Streaming services have created a new and strain of déjà vu, and this is how it works.

You start watching a new US drama series which the algorithm thinks you’ll enjoy.

Halfway through the first episode, you get a vague sense of familiarity with the subject matter. Halfway through the second episode the penny drops: it is a remake of a Spanish drama series you watched two years ago.

But you don’t have to be watching Netflix or Stan to have this new, ‘been there, seen that’ experience. You can also get it watching mainstream news networks. Or rather, watching their coverage of one particular story…

Yes, it is probably a good thing that President Assad is toast. But is this really the dawn of a new and unprecedented era of liberty and equality for one of the world’s most oppressed and dispossessed populations? Or is it, as the strangely muted applause of many pundits suggests, just the start of Season 4 of Arab Spring?

In which case, having seen Seasons 1, 2, and 3, we won’t need the subtitles to know what’s going on.

For some, the penny-dropping moment would have been the statue of Assad being pushed over and dragged through the streets of Damascus.
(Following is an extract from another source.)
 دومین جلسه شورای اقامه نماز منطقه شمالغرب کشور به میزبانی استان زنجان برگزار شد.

For others it was the random firing of AK47s in the streets by, er, ordinary civilians (none of whom, even more worryingly, have been drinking).
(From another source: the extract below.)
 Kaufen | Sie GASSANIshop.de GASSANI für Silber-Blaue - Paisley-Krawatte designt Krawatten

But we all know what will follow.

Months or possibly years of violent chaos, during which groups of even more brutal, even more luxuriantly bearded men wrestle for control, while foreign governments stand tut-tutting on the sidelines, and sending money and arms to the groups who they believe will best serve their respective regional ambitions.
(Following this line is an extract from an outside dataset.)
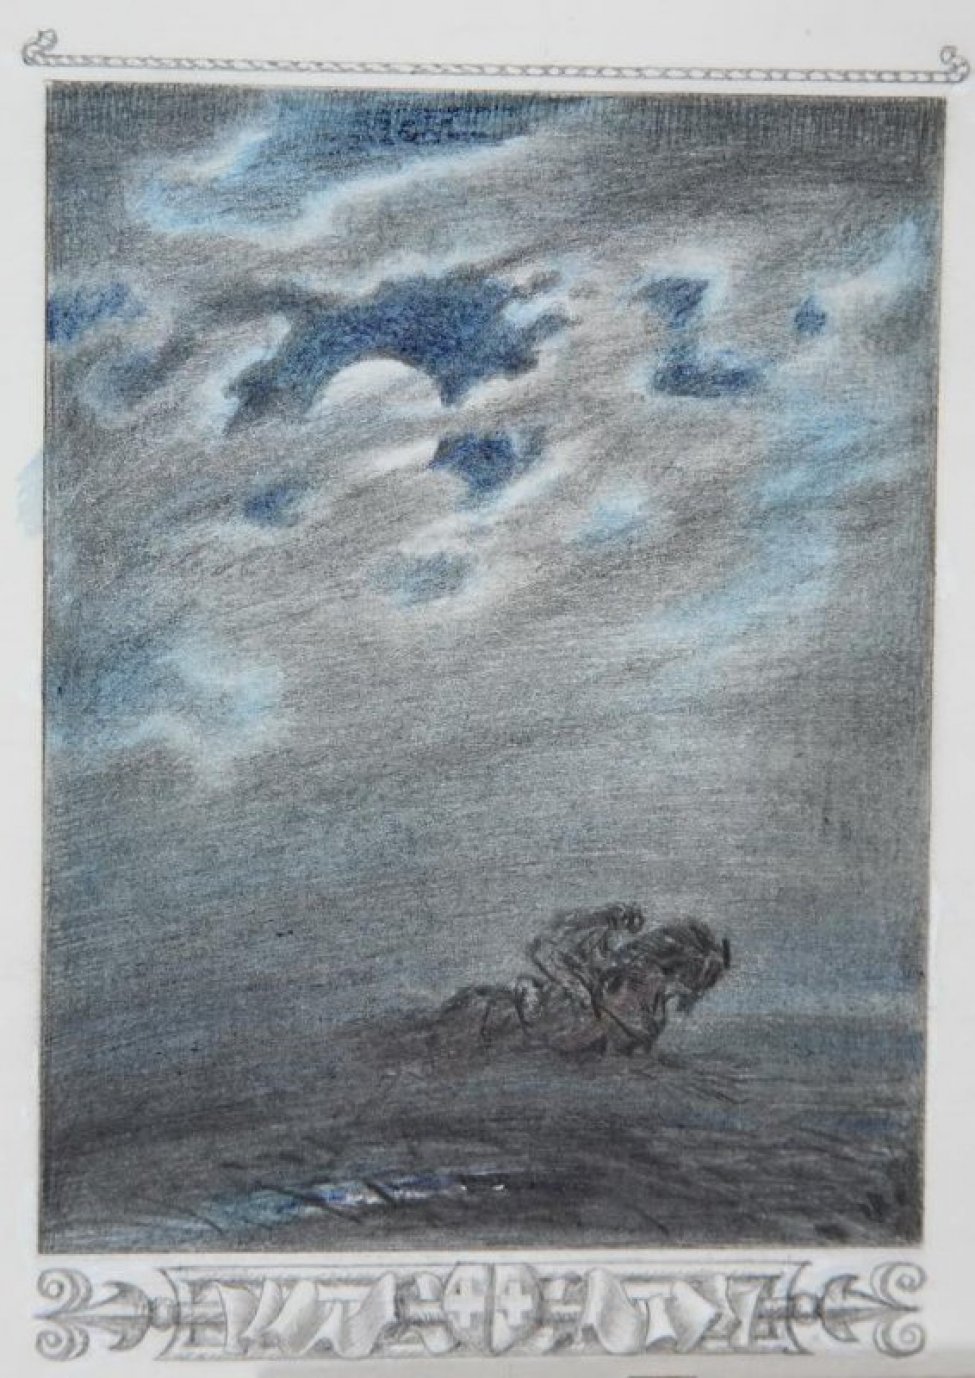 Изображен степной ночной пейзаж с фигурой одинокого всадника на скачущем коне.

The season finale will show the group with the most AK-47s imposing an equally oppressive regime, and after the closing credits fade to black, we will learn from a series of sobering, serif font captions that twice as many Syrian women and children were killed in the aftermath of the coup than were killed by the man it deposed.

In the meantime, some of us will agree with Western leaders who have condemned Mr Trump’s response to the Syrian rebellion as evidence of isolationist ambitions. Others might think those leaders should take a leaf out of the Trump playbook before framing their own foreign policy: and watch a bit more television.